Привержена ли она Богу? Она предпочитает держаться на осторожной дистанции от этого вопроса. С какой стати, даже допуская, что Бог существует – уж что бы там ни значило это «существует», – его глубокий монархический сон должен быть тревожим снизу воплями «привержена – не привержена», словно это какой-то плебисцит?
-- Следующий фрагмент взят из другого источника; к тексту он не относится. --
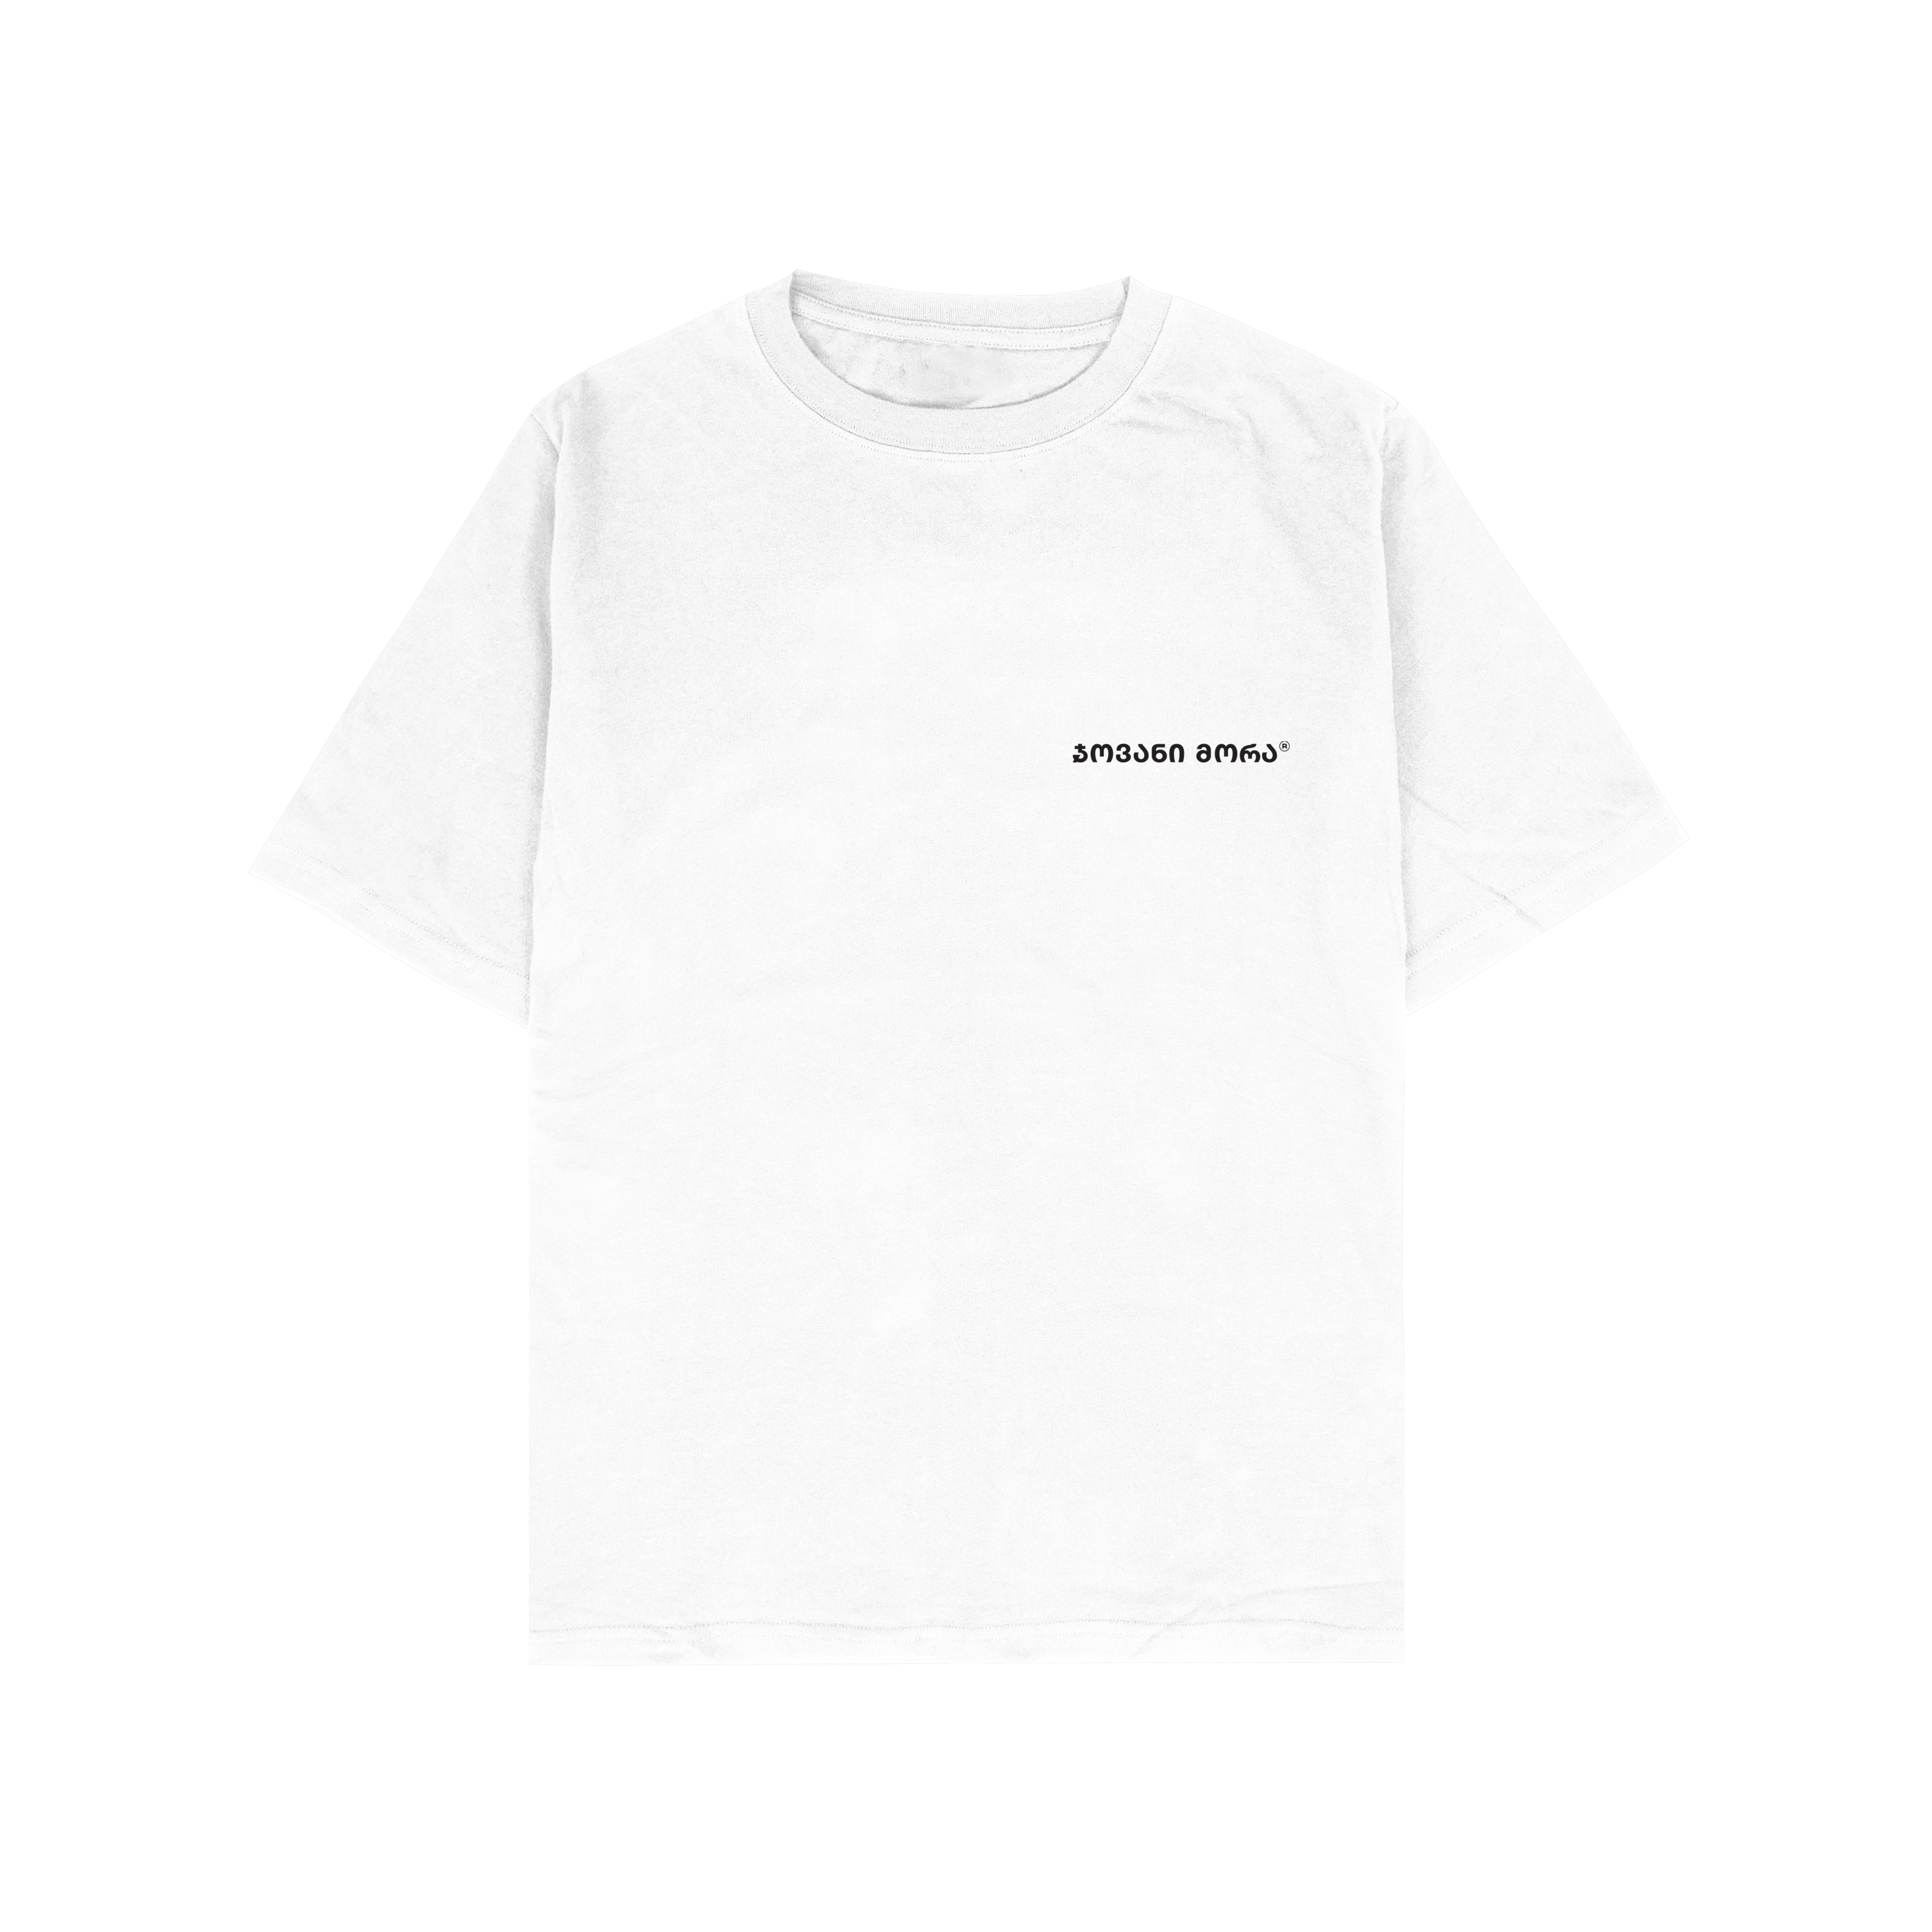 T-shirt (White), Relaxed Fit

– Это слишком интимный вопрос, – говорит она. – Мне нечего сказать.
– Здесь никого нет, кроме нас. Вы можете говорить совершенно свободно.
– Вы меня неправильно понимаете. Я хочу сказать, что Бог, по моему мнению, не отнесся бы положительно к такой презумпции – презумпции интимности. Поэтому я предпочитаю отпустить Бога на свободу. И надеюсь, что он отпустит на свободу меня.
Воцаряется молчание. У нее голова начинает болеть. Слишком много головокружительных абстракций, думает она, – природа ее остерегает.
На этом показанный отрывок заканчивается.